Bruce confronts Aiden and Freya, accusing them of having conspired against him. Freya doesn't believe the accusation but later finds a draft of the plan in Aiden's home office. She accuses him of being unable to cope with no longer being "on top" in the relationship and confronts him over how his deception nearly ended her own career. Then, she becomes mortified when she realises that was his intent. Aiden accuses Freya of sleeping with Bruce and claims his scheme was meant to restore things to the way they originally were, before realising that this means the end of their marriage.
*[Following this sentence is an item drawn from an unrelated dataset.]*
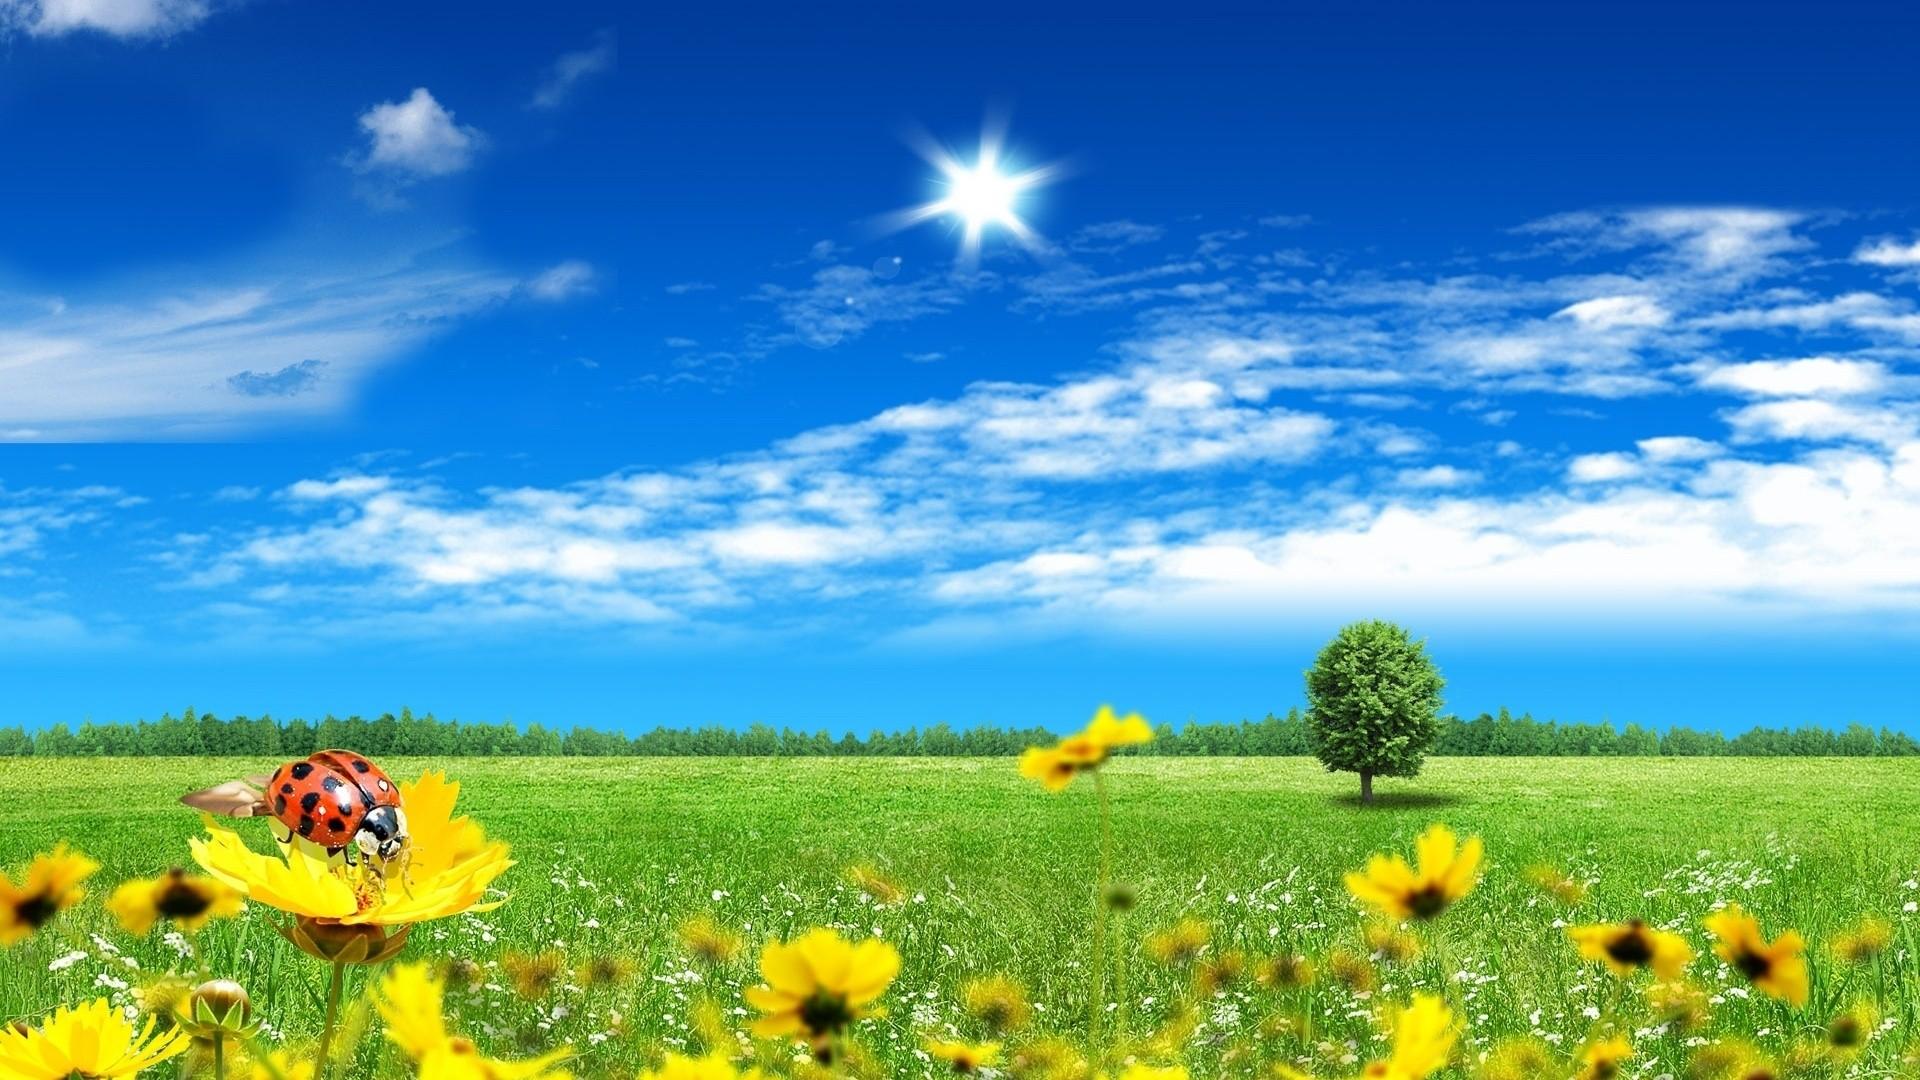 Beautiful Nature Spring Scenes Wallpaper HD 1920x1080

That night, Aiden's father berates him for what he has done. The next morning, the couple's daughter, Ruby, finds Aiden's father dead in the back yard, having died walking back from Aiden's office. After the funeral, Freya makes arrangements for Aiden to move out.

Six months later, Aiden has seemingly been elected Prime Minister, with Freya as his Deputy Prime Minister. They only remain married for political purposes. They share a brief private moment before their first cabinet meeting, staring at each other emotionlessly. As the cabinet files in, a brief exchange with Marcus Brock reveals that it is Freya, not Aiden, who has been elected Prime Minister.

==Cast==
===Main cast===
- David Tennant as Aiden Hoynes, Secretary of State for Business, Innovation and Skills
- Emily Watson as Freya Gardner, Minister of State for Transport, Secretary of State for Work and Pensions, and later Prime Minister of the United Kingdom.
- Oscar Kennedy as Noah Hoynes, Aiden and Freya's son
- Lucy Hutchinson as Ruby Hoynes, Aiden and Freya's daughter
- Ed Stoppard as Bruce Babbish, Secretary of State for Work and Pensions then Secretary of State for Business, Innovation and Skills
- Roger Allam as Marcus Brock, Chief Whip of the House of Commons

===Guest/supporting cast===
- Jack Shepherd as Joe Hoynes, Aiden's father and Professor of Politics at the London School of Economics
- Chipo Chung as Lian Hooper
- Simon Chandler as Cliff Lyman, Chair of the Business, Innovation and Skills Committee
- Malcolm Scates as Kenny Moss
- Anamaria Marinca as Dita Kowalski, the Hoynes' au pair
- Luke Neal as Drew Bailey

Writer Paula Milne has stated that characters' surnames were drawn from the American political drama, The West Wing.